Project description:The present study used comparative proteomic analysis of cerebrospinal fluid (CSF) in amyotrophic lateral sclerosis (ALS) patients in order to identify proteins that may act as diagnostic biomarkers and indicators of the pathogenesis of ALS. This analysis was performed using isobaric tags for relative and absolute quantitation (iTRAQ) technology, coupled with 2-dimensional liquid chromatography/mass spectrometry. Database for Annotation, Visualization and Integrated Discovery software was utilized for bioinformatic analysis of the data. Following this, western blotting was performed in order to examine the expression of 3 candidate proteins in ALS patients compared with healthy individuals [as a normal control (NC) group] or patients with other neurological disease (OND); these proteins were insulin-like growth factor II (IGF-2), glutamate receptor 4 (GRIA4) and leucine-rich α-2-glycoprotein 1 (LRG1).
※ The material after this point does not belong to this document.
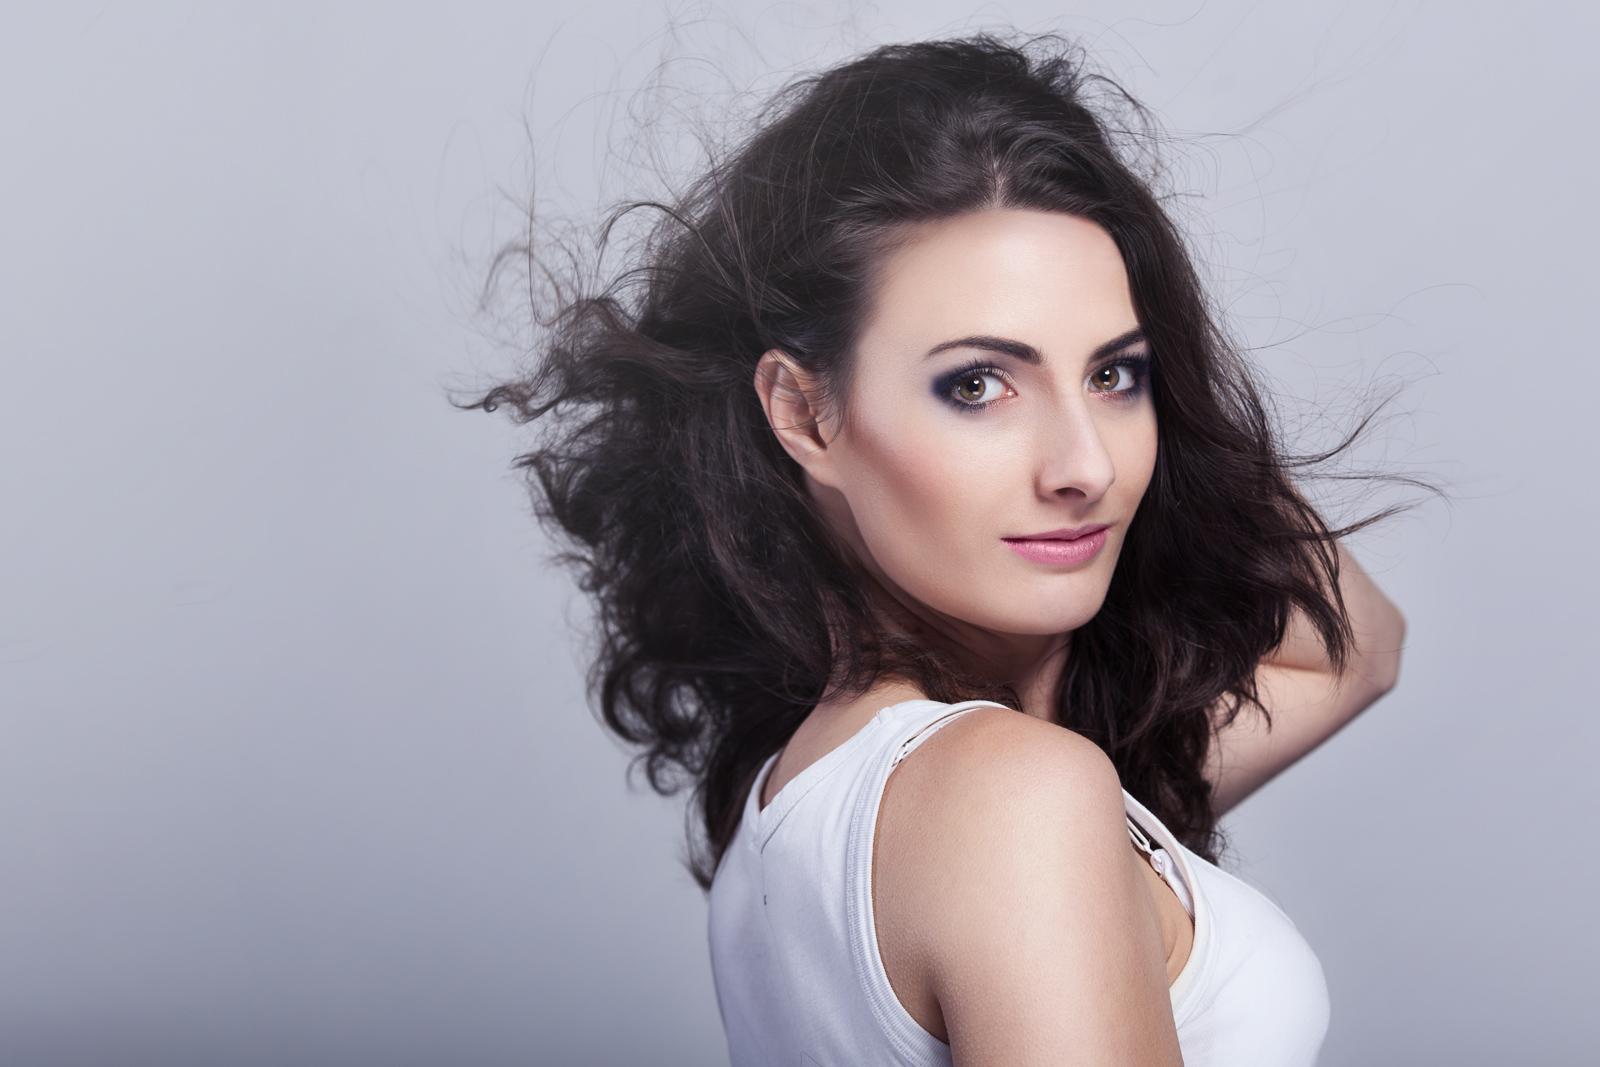 wizaż – Justyna Polska, modelka – Monika Witek, fot. Adam Duraj (2)

Clinical data, including gender, age, disease duration and ALS functional rating scale (ALSFRS-R) score, were also collected in the ALS patients. Multiple linear regression analysis was performed between the clinical data and the results of western blot analysis. A total of 248 distinct proteins were identified in the ALS and NC groups, amongst which a significant difference could be identified in 35 proteins; of these, 21 proteins were downregulated and 14 were upregulated. These differentially-expressed proteins were thus revealed to be associated with ALS. The western blot analysis confirmed a proportion of the data attained in the iTRAQ analysis, revealing the differential protein expression of IGF-2 and GRIA4 between the ALS and NC groups. IGF-2 was significantly downregulated in ALS patients (P=0.017) and GRIA4 was significantly upregulated (P=0.016). These results were subsequently validated in the 35-patient ALS and OND groups (P=0.002), but no significant difference was identified in LRG1 expression between these groups. GRIA4 protein expression was higher in male than female patients and was positively correlated with the ALSFRS-R score, meaning that GRIA4 expression was negatively correlated with the severity of ALS, while IGF-2 and LRG1 expression did not correlate with any clinical data. The present study thus demonstrated that GRIA4 expression levels, as a marker of severity, may be used as a reference for the timing of treatment, and that IGF-2 may serve as an effective biomarker of ALS progression.